Partially Blind, Elderly Woman Falls Down Elevator Shaft in New York City
On November 28, 2018, a 66-year-old partially blind woman fell into an open elevator shaft in New York City building late afternoon. Josephine Camtor, a resident of that building for about a year, was entering the first-floor elevator, but didn’t realize that the elevator wasn’t there. She stepped inside the shaft and crashed down into the basement. According to her family, Camtor is completely blind in one eye. Firefighters and police rushed to the scene, where they found Camtor lying in the elevator shaft in pain, fire officials said. Rescuers were able to remove her from the basement level and take her to an ambulance. She was rushed to Kings County Hospital with multiple injuries but was expected to survive. Her grand-daughter said the elevator has been frequently out of order, but she has never seen the door open to an empty shaft. Another resident of the building stated that ‘the elevator has been a problem and had been shut. It’s always not working, but not like this’.

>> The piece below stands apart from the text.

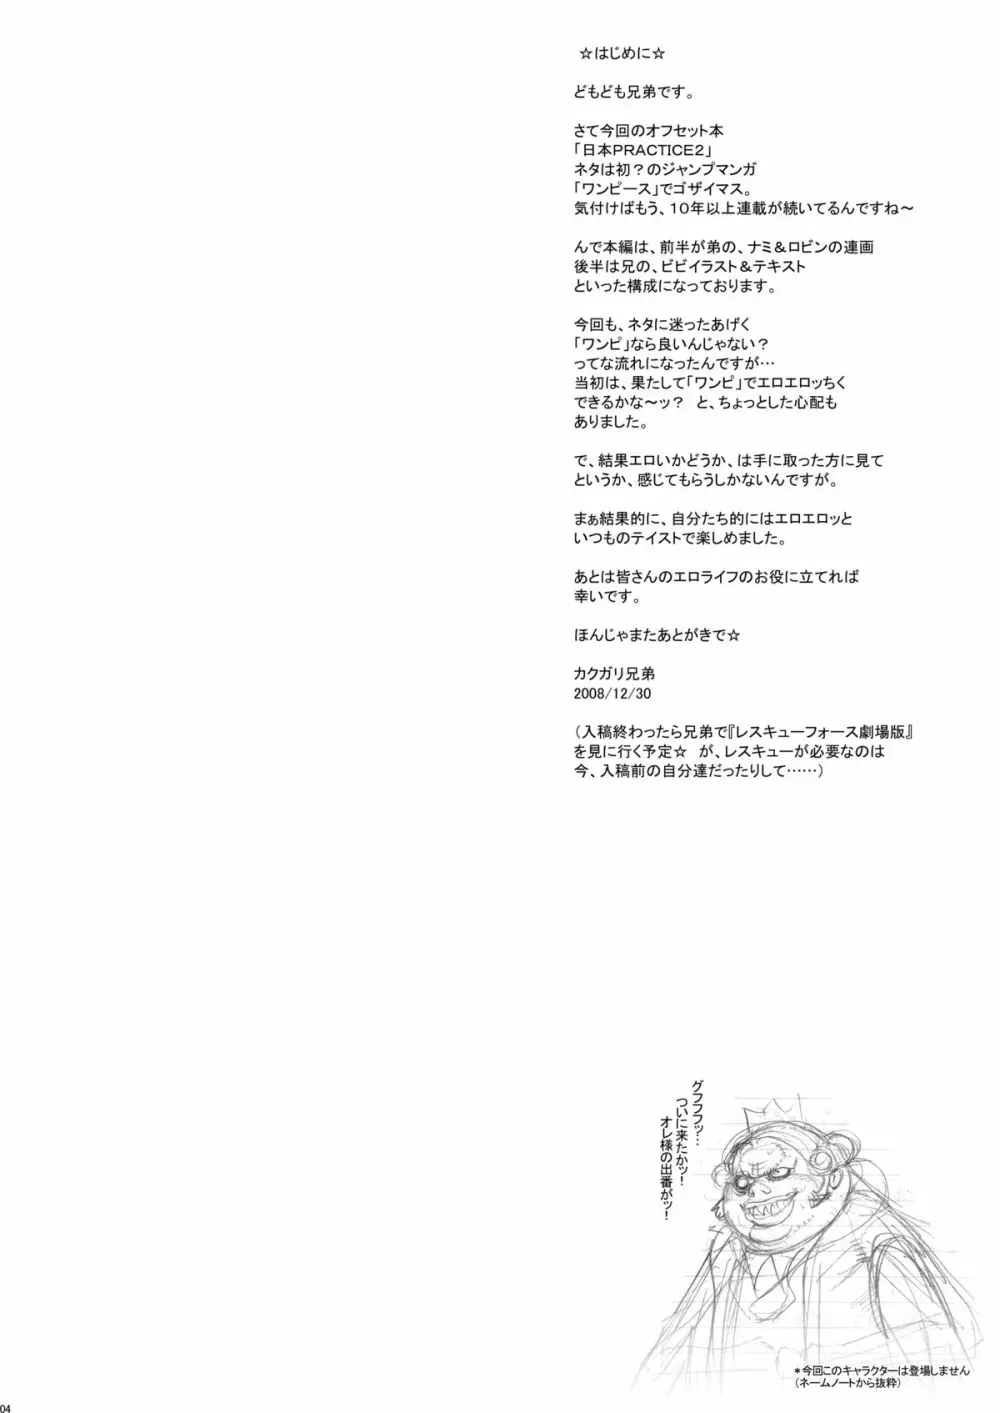 日本PRACTICE2 3ページ

Our New York City elevator accident lawyers know that the most common cause of elevator accidents is an inadequate preventative maintenance program. Elevators have numerous working parts, including drives, shafts, cables, locks, counter-weights and countless other inter-dependent mechanical components, all of which need to be maintained for an elevator to work properly. According to records from the Department of Buildings, complaints about the elevator in the building date back to 2005. In 2018 alone, six complaints were filed about a faulty elevator, all of which have been marked “resolved” by the department. Fire officials said the cause of the incident was under investigation and the Department of Buildings would be called to the scene.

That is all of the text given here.